## TASK REQUIREMENTS
In the records below, reproduce exactly the lines from the one containing "A loaf of sourdough" through the one containing "Rio-Red-Rectangle-TR-Eyeglasses-detail", both included, and omit the pictures.

## MATERIAL SUPPLIED
^^^^^^^^^^^^^^^^

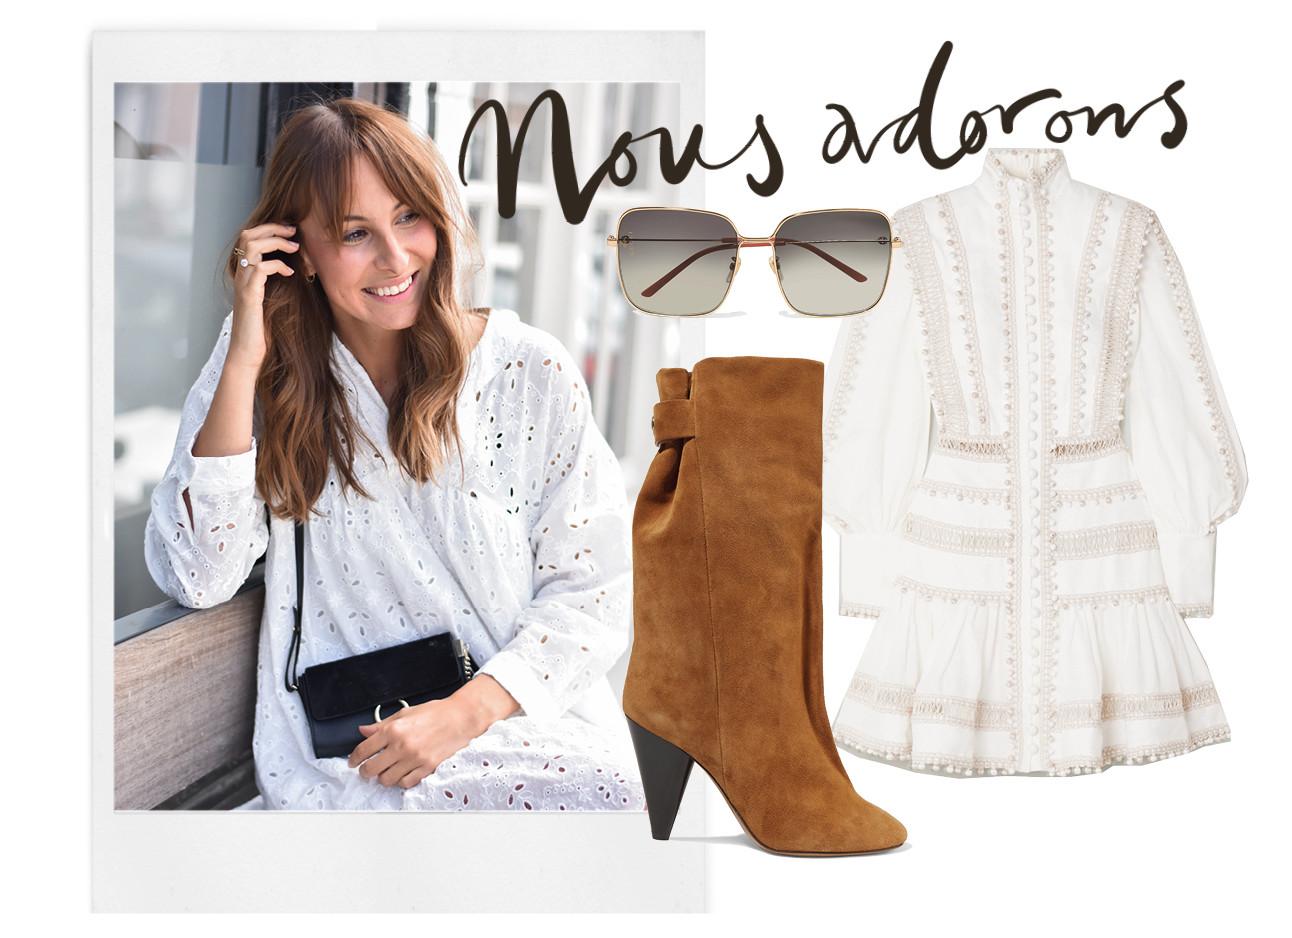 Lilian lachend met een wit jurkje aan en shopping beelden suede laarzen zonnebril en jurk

^^^^^^^^^^^^^^^^

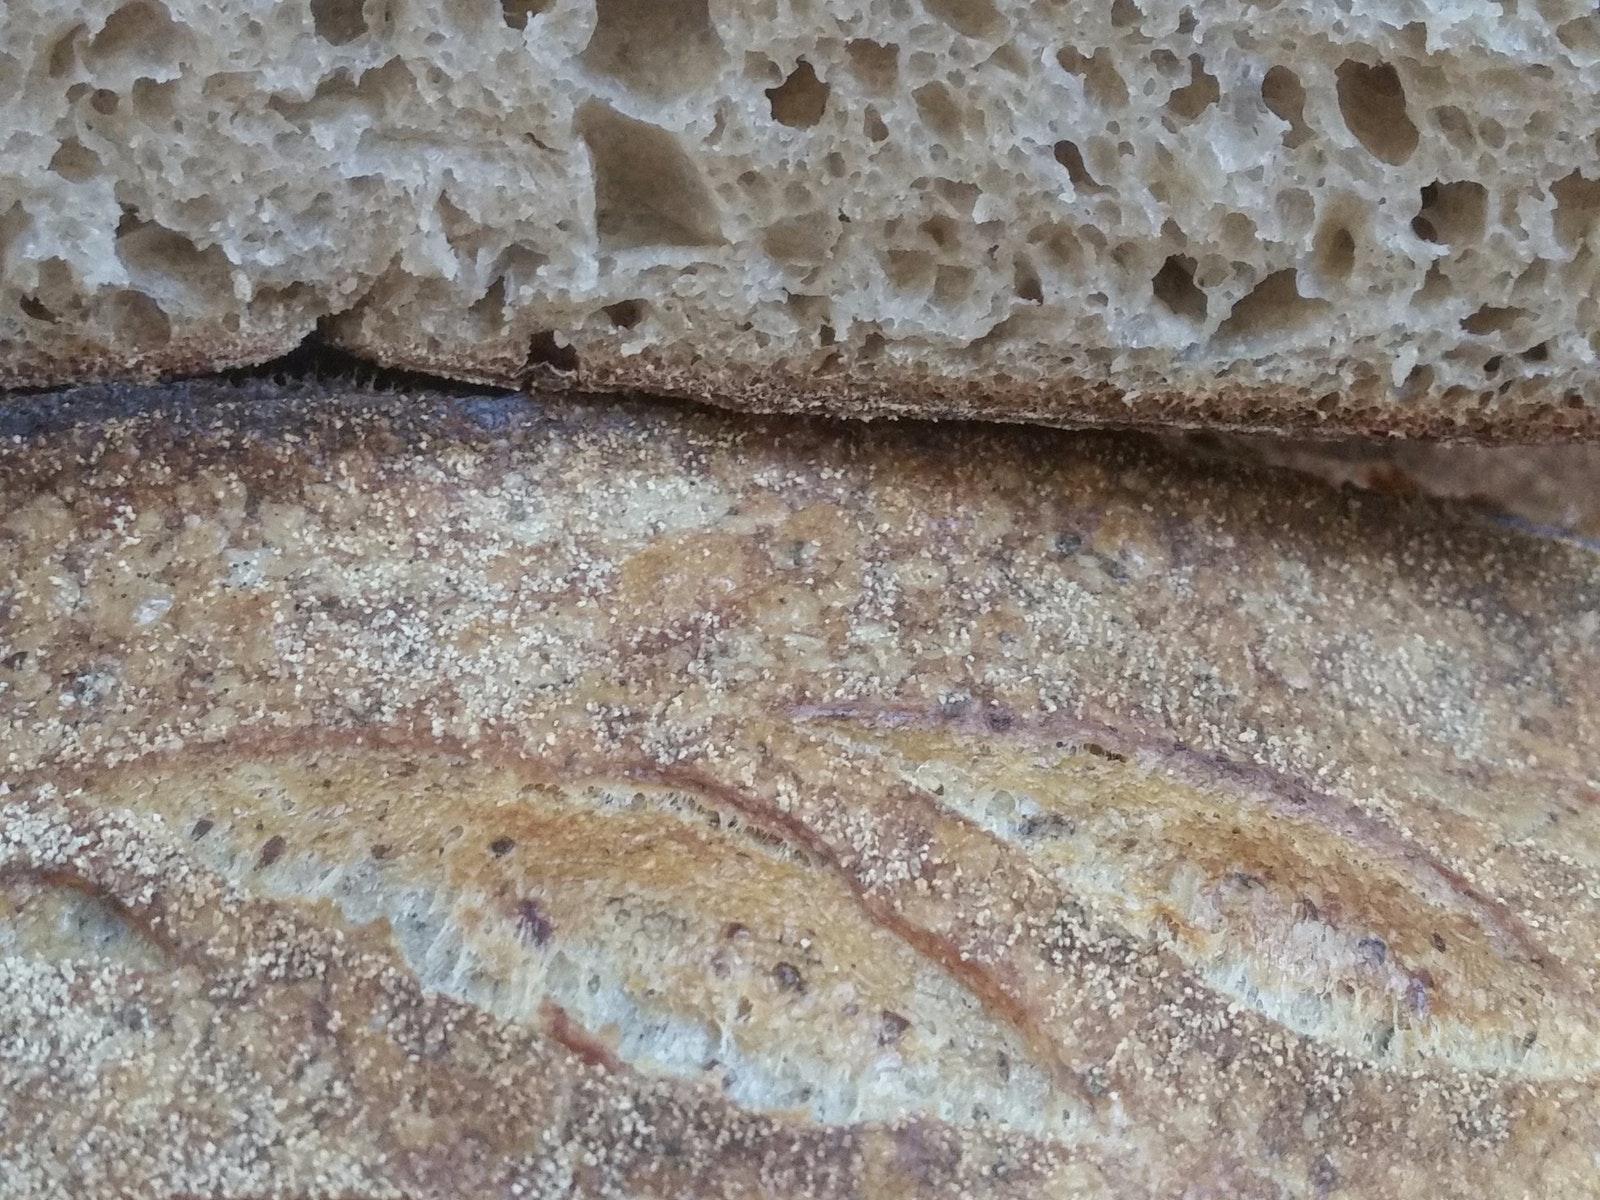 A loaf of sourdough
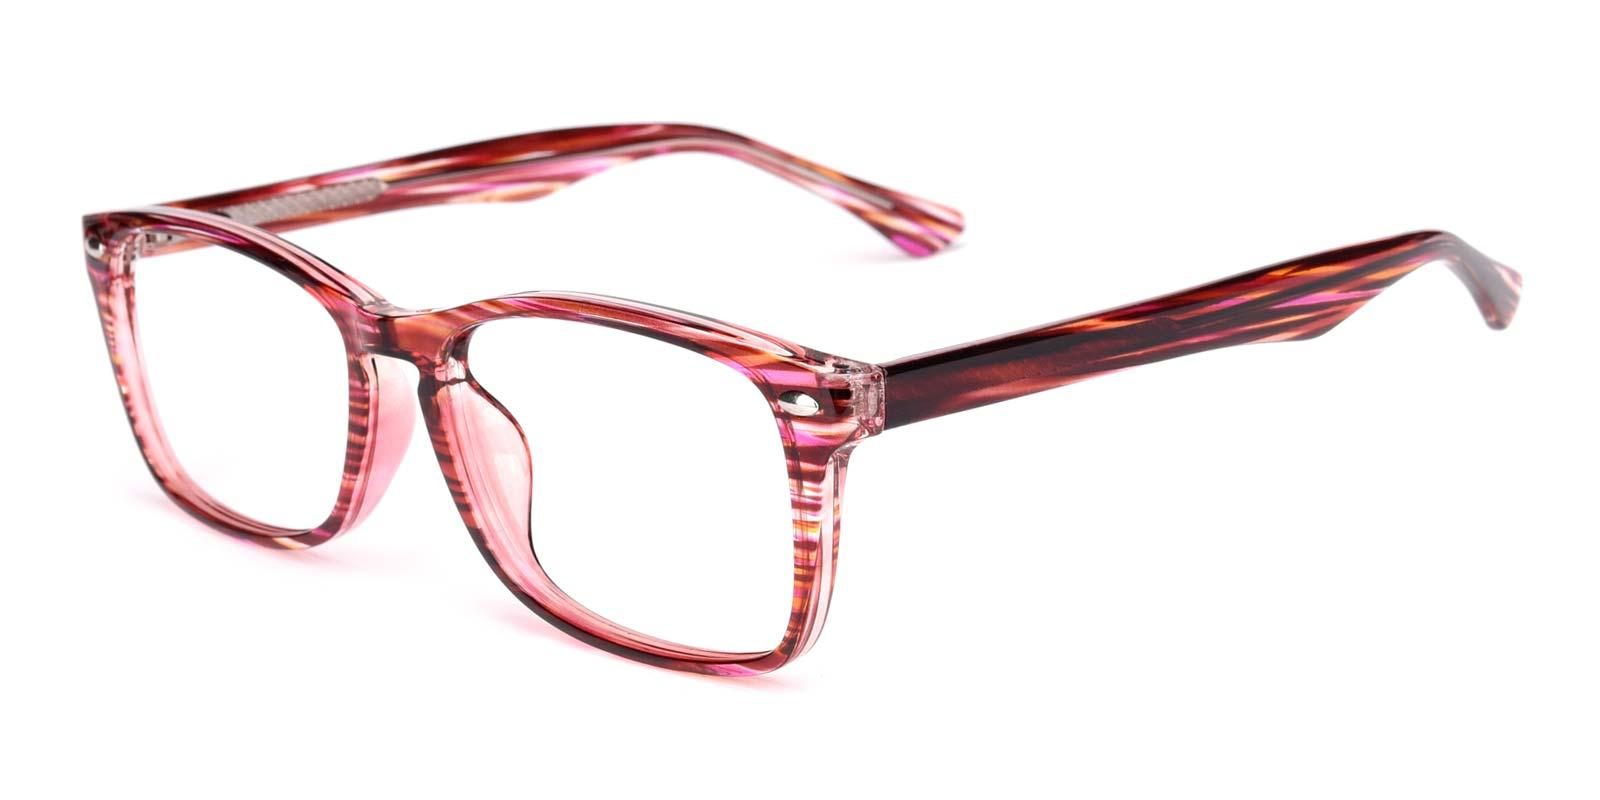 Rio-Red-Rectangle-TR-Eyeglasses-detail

^^^^^^^^^^^^^^^^

## EXPECTED ANSWER
 A loaf of sourdough
 Rio-Red-Rectangle-TR-Eyeglasses-detail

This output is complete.